I just gave him a little toss to the ground, I had no intention of calling the wife to come bail me out for beating the guy half to death in front of fifty witnesses. As for the toolbag I either carry my own or keep it in my sight for the most part.


----------



## kbsparky (Sep 20, 2007)

Sources tell me that Klien will not honor any guarantee on most of their tools. So, when folks return damaged/defective items to Lowe's, the store ends up eating it. :blink:

After eating a bunch of tools, I'd wager they dropped the line, in favor of other manufacturers who have and honor a better warranty.


----------



## electricalperson (Jan 11, 2008)

kbsparky said:


> Sources tell me that Klien will not honor any guarantee on most of their tools. So, when folks return damaged/defective items to Lowe's, the store ends up eating it. :blink:
> 
> After eating a bunch of tools, I'd wager they dropped the line, in favor of other manufacturers who have and honor a better warranty.

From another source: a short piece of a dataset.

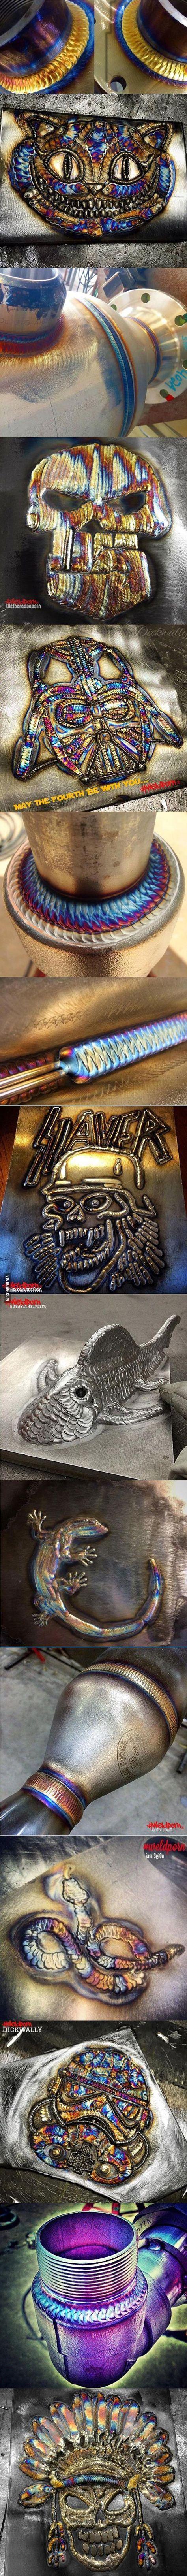 The art of welding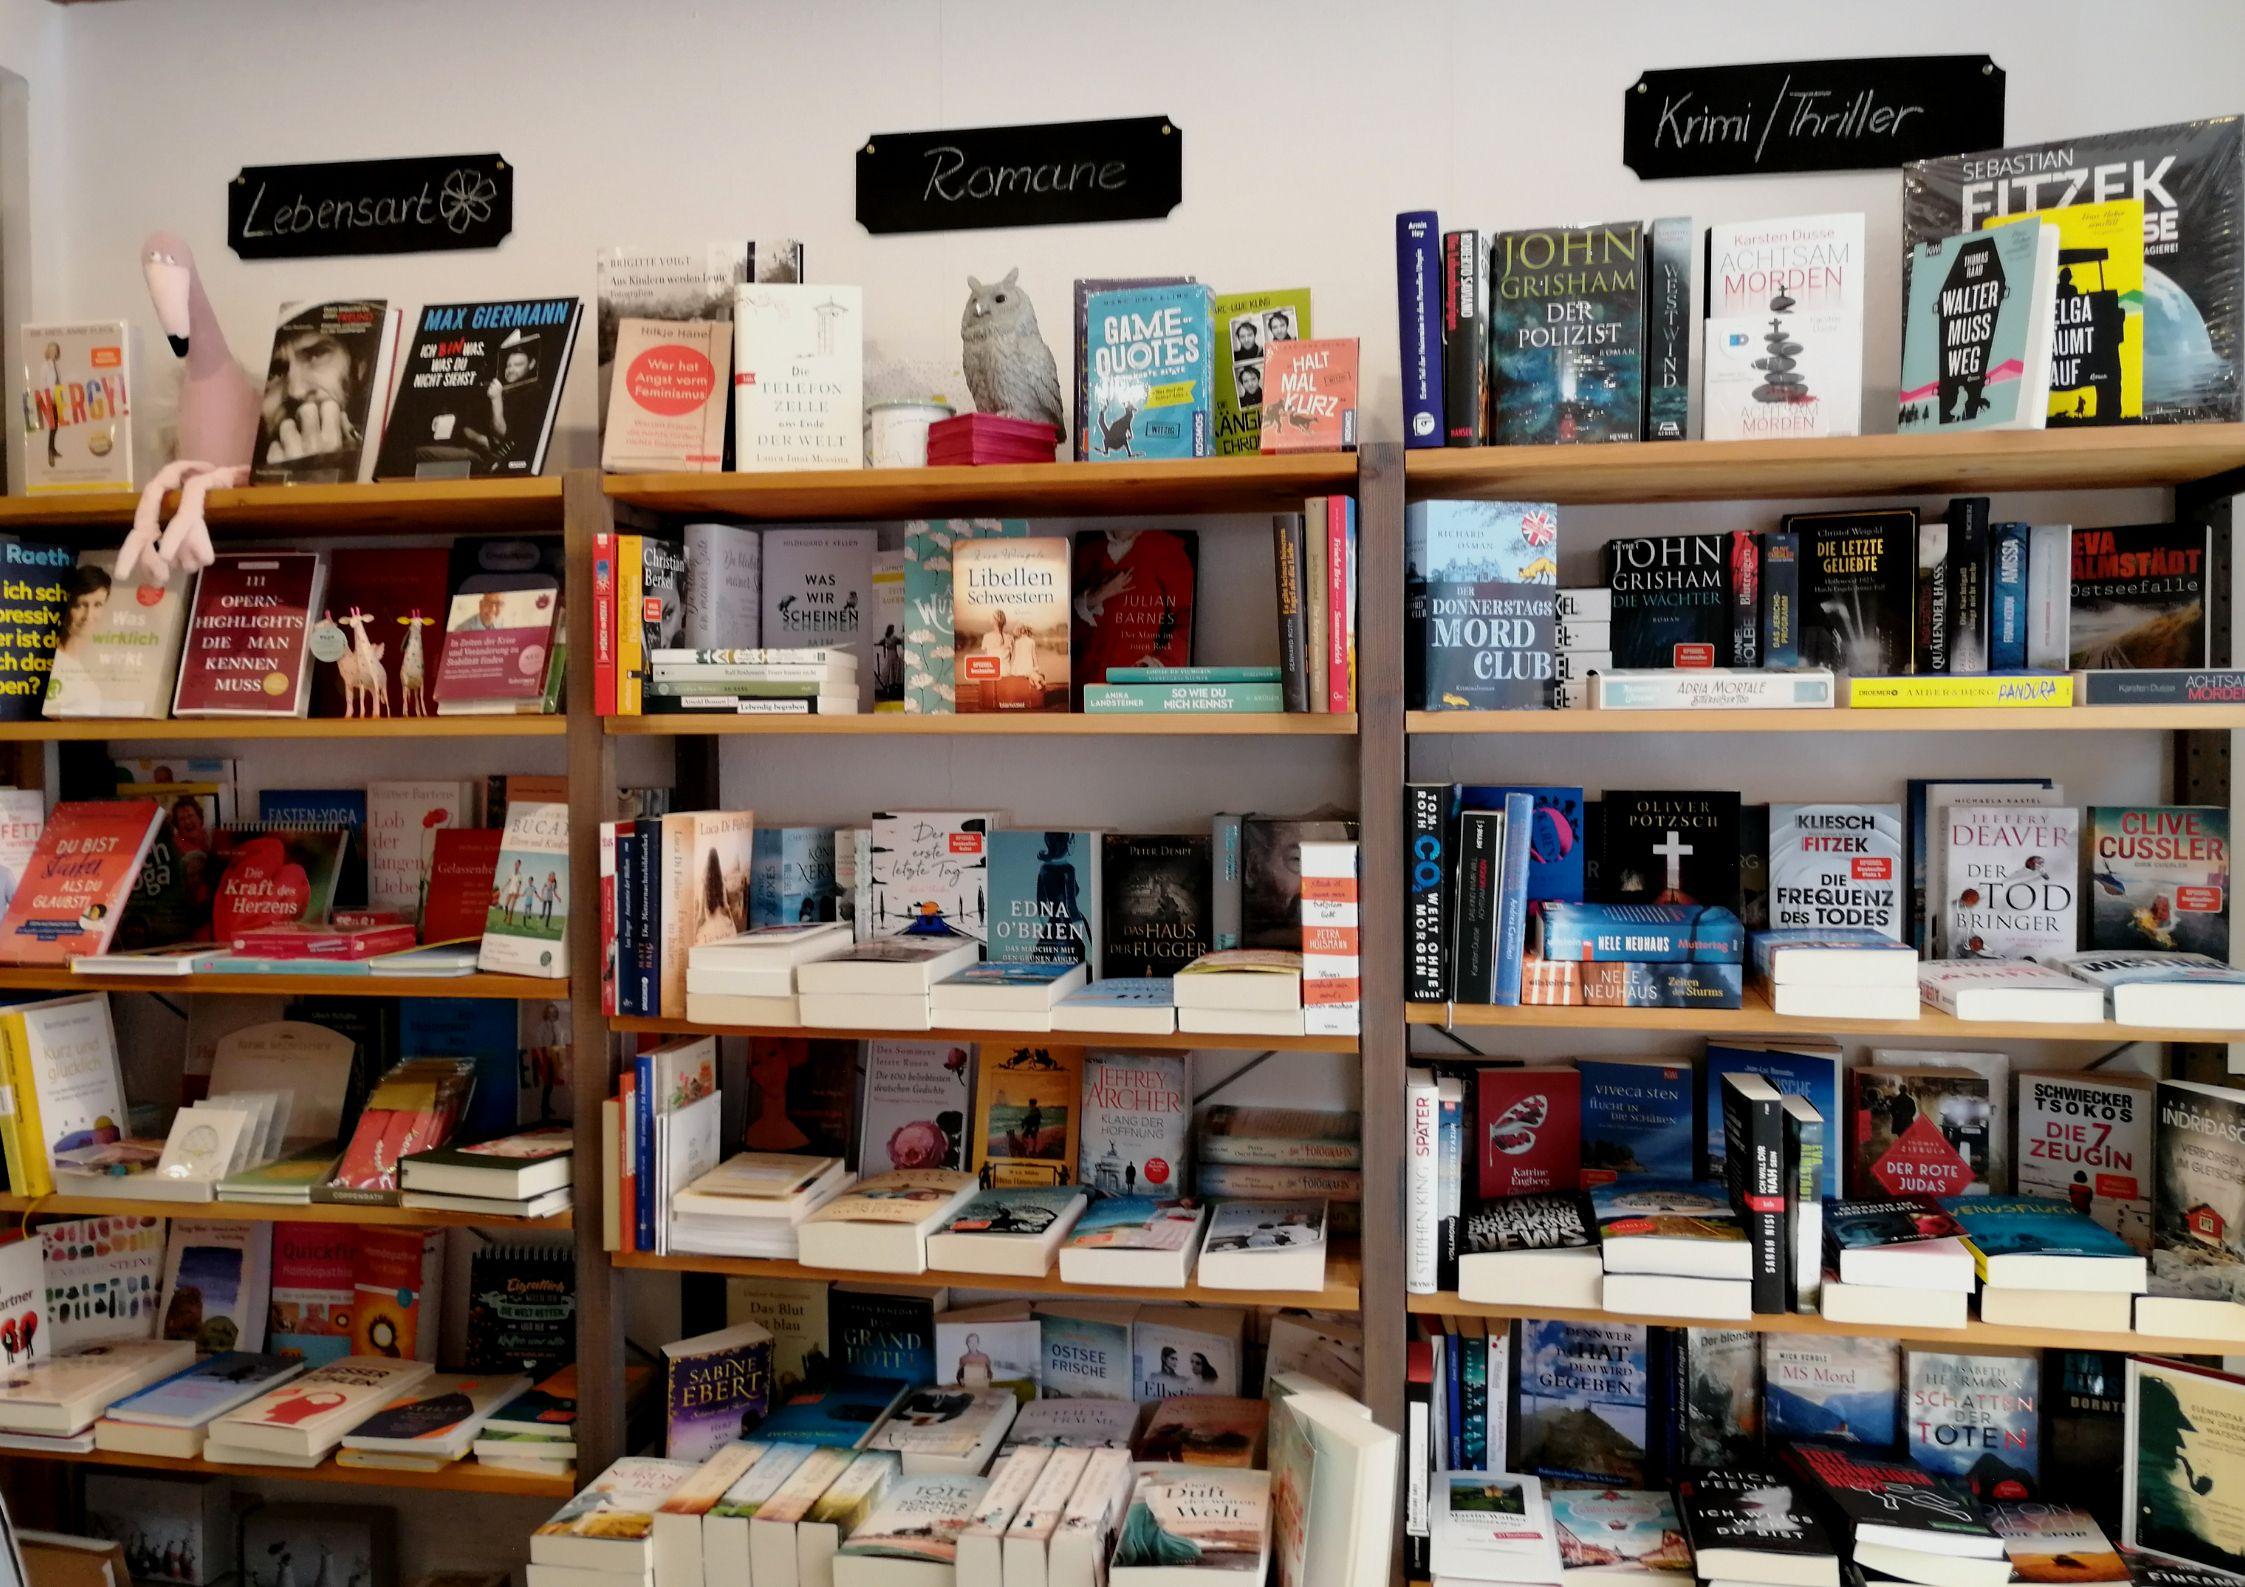 Der Buchladen reingelesen

klein has a PDF file on there website that will show you what they wont accept. basically tool abuse and cutting live wires. but if the tool breaks apart they will replace it


----------



## MDShunk (Jan 7, 2007)

kbsparky said:


> Sources tell me that Klien will not honor any guarantee on most of their tools. So, when folks return damaged/defective items to Lowe's, the store ends up eating it. :blink:
> 
> After eating a bunch of tools, I'd wager they dropped the line, in favor of other manufacturers who have and honor a better warranty.


I wondered if that might be part of the problem. I've never once successfully returned a Klein tool at Lowe's for replacement. I always got the run-around at Lowe's. Reason number 342 not to shop at Lowe's. I've always had to take them to my supply house.


----------



## electricalperson (Jan 11, 2008)

MDShunk said:


> I wondered if that might be part of the problem. I've never once successfully returned a Klein tool at Lowe's for replacement. I always got the run-around at Lowe's. Reason number 342 not to shop at Lowe's. I've always had to take them to my supply house.


i dont like lowes anyway. id rather drive the extra 10 minutes to home depot. more tool selection


----------



## kbsparky (Sep 20, 2007)

electricalperson said:


> klein has a PDF file on there website that will show you what they wont accept. basically tool abuse and cutting live wires. but if the tool breaks apart they will replace it


The problem here is too often they will classify "normal use" as "tool abuse" and dishonor any warranty.

If you take a busted screwdriver in for replacement, they will look at the clear plastic end, and see if there are any pockmarks from beating on it --- if it is marked or banged up in any way, no replacement.

Any good electrician will inevitably use their screwdriver to loosen knockouts, or tighten lock rings on conduits, connectors, etc. It's too much trouble to carry a separate drift punch for such tasks.

If you read the instructions that come with a Square D panel cover, they show one using a screwdriver to loosen the twistouts for branch circuit breakers. 

Greenlee and others are not so strict in their evaluation of broken tools I've been told.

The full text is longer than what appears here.